Saving awk output to variable

Solution 1

#!/bin/bash
variable=`ps -ef | grep "port 10 -" | grep -v "grep port 10 -" | awk '{printf $12}'`
echo $variable

Notice that there's no space after the equal sign.

You can also use $() which allows nesting and is readable.

Solution 2

I think the $() syntax is easier to read...

variable=$(ps -ef | grep "port 10 -" | grep -v "grep port 10 -"| awk '{printf "%s", $12}')

But the real issue is probably that $12 should not be qouted with ""

Edited since the question was changed, This returns valid data, but it is not clear what the expected output of ps -ef is and what is expected in variable.

Solution 3

as noted earlier, setting bash variables does not allow whitespace between the variable name on the LHS, and the variable value on the RHS, of the '=' sign.

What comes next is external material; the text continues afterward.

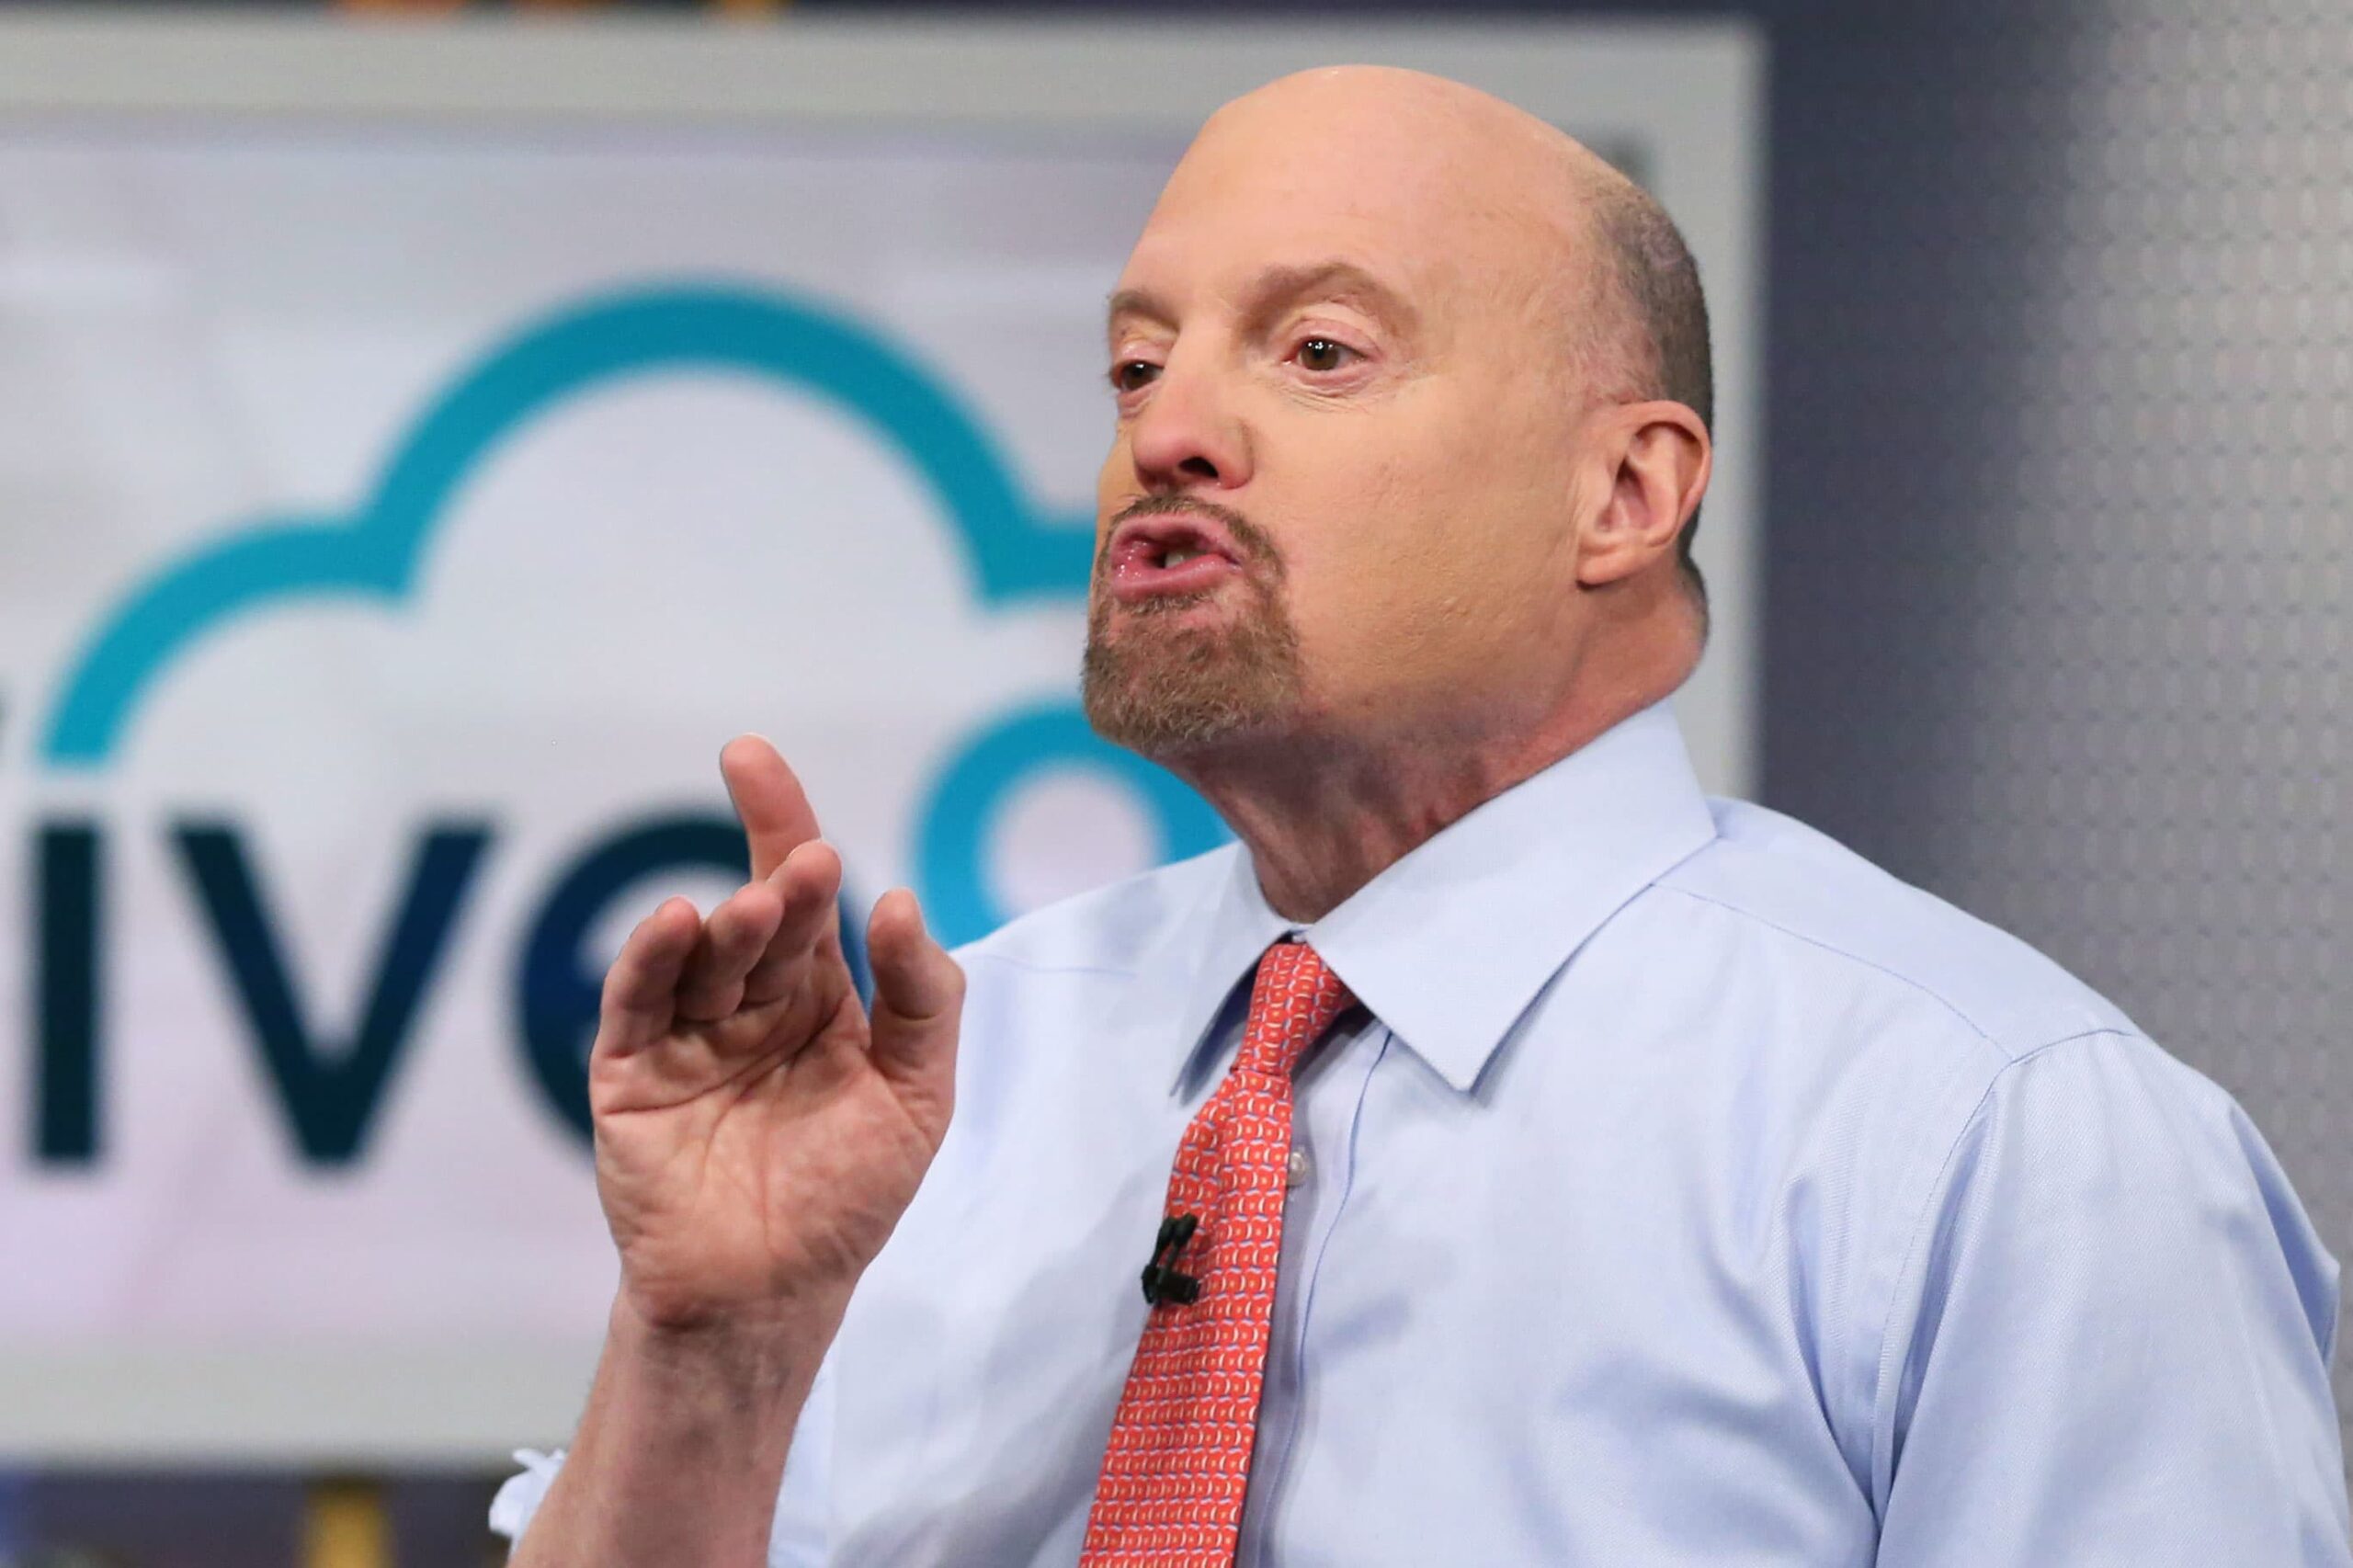 Jim Cramer says not all stocks are struggling to start 2022

awk can do everything and avoid the "awk"ward extra 'grep'. The use of awk's printf is to not add an unnecessary "\n" in the string which would give perl-ish matcher programs conniptions. The variable/parameter expansion for your case in bash doesn't have that issue, so either of these work:

variable=$(ps -ef | awk '/port 10 \-/ {print $12}')
variable=`ps -ef | awk '/port 10 \-/ {print $12}'`

The '-' int the awk record matching pattern removes the need to remove awk itself from the search results.